Opinion in support of this work: I do believe there is merit to this work, and the ideas of heterogeneity proposed here does have potential to help future MARL research. I believe that diversity/heterogeneity is still an under-explored concept in MARL work. This work positively adds to MARL research.
Dear Reviewer rRe8,
Thank you again for your feedback and further positive affirmation of our work. We appreciate your constructive suggestions, which help improve the clarity of our research.
Sincerely, The Authors
This paper is right at the threshold between acceptance and rejection. It definitely has its worthwhile contribution: all reviewers praised the interesting novel categorization of different types of heterogeneity in MARL. However, the following theory appears to be (at least in parts) quite similar to existing literature, some of the authors claims can be misunderstood easily, and the application of the theory to parameter sharing are incremental at best. Some reviewers also found the results hard to interpret and were missing clearer evidence of the hypotheses. The SMAC evaluation misses some default MARL baselines (e.g. QMIX). To their credit, the authors added some missing ablations during the rebuttal.

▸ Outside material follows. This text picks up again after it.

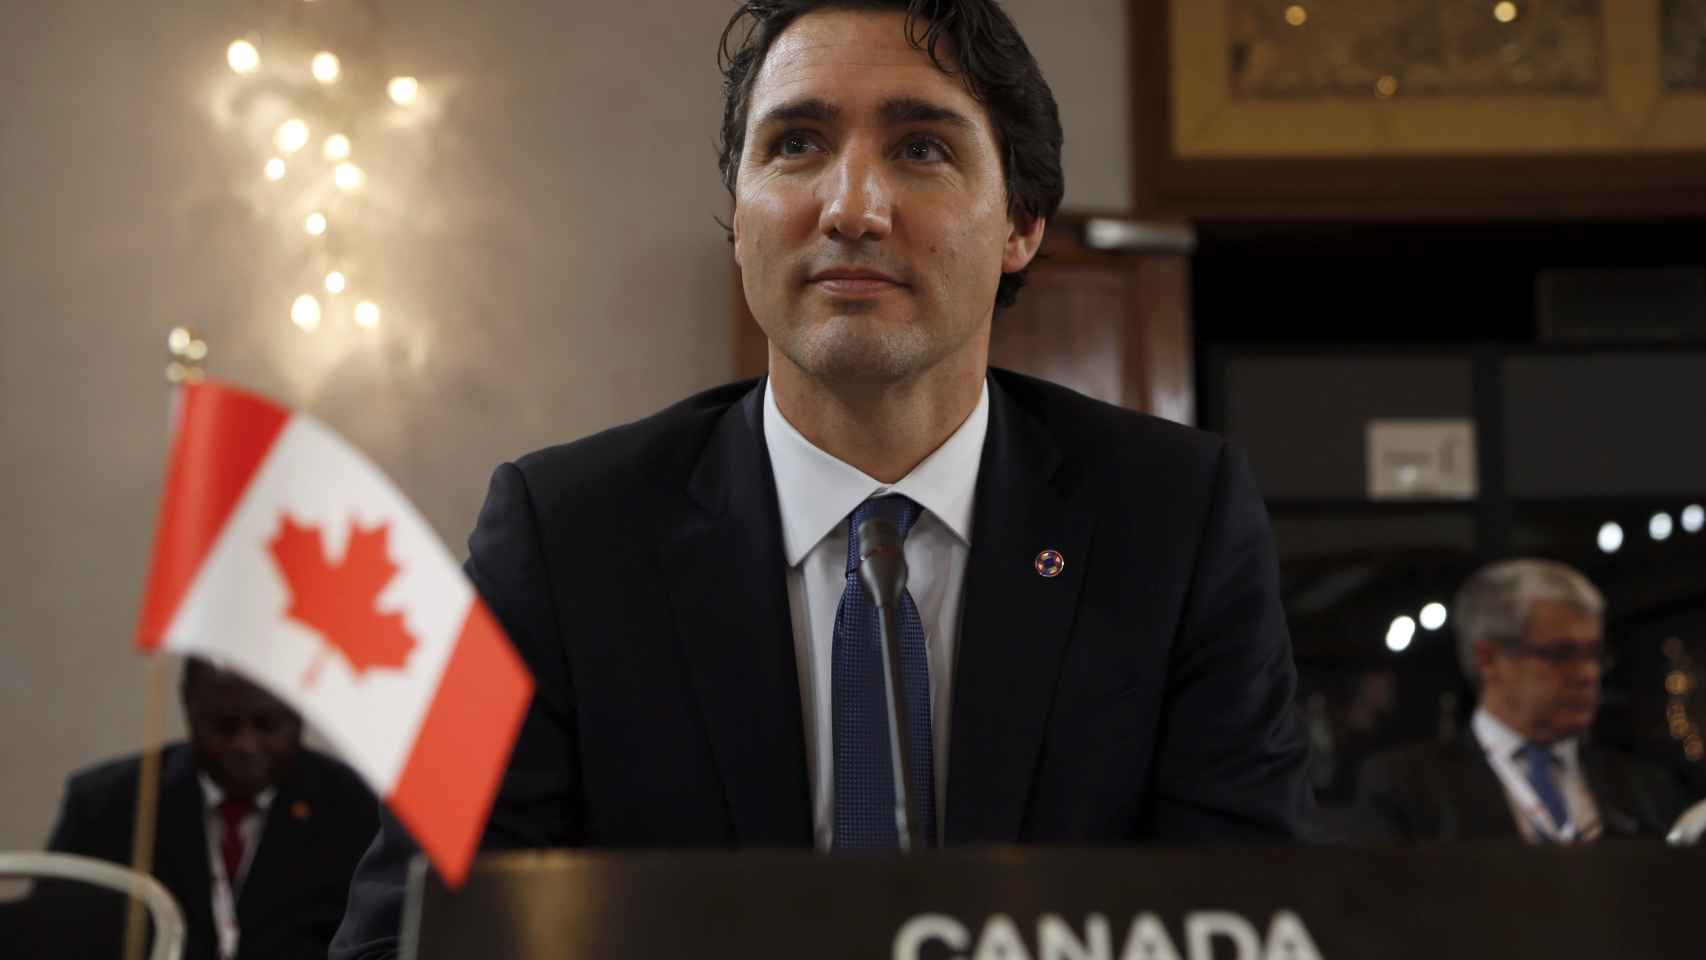 Justin-Trudeau-primer-ministro-Canada_83001792_242342_1706x960.jpg

Many reviewers recommended nonetheless acceptance, as they valued the novel categorization framework. For example dH7A noted: "Although the performance gains are not dramatic, the conceptual novelty, rigorous framework, and practical insights outweigh these weaknesses. I think this work will help structure future MARL research and serves as a strong foundation for follow-up studies."
On the other side, the paper does not contribute a lot beyond this categorization. For example, 21mt criticized: "The main issue with this paper is not insufficient experiments but its similarity to existing work [1], [..] this work's primary contribution is its extended definition of diversity compared to [1], as the authors propose more types of heterogeneity. However, the core qualification methods of the two approaches are quite similar, from their network structures to their loss functions."
I ended up siding with the argument to reject the paper, but I do acknowledge that it does have its value and would not be unhappy if it gets bumped up.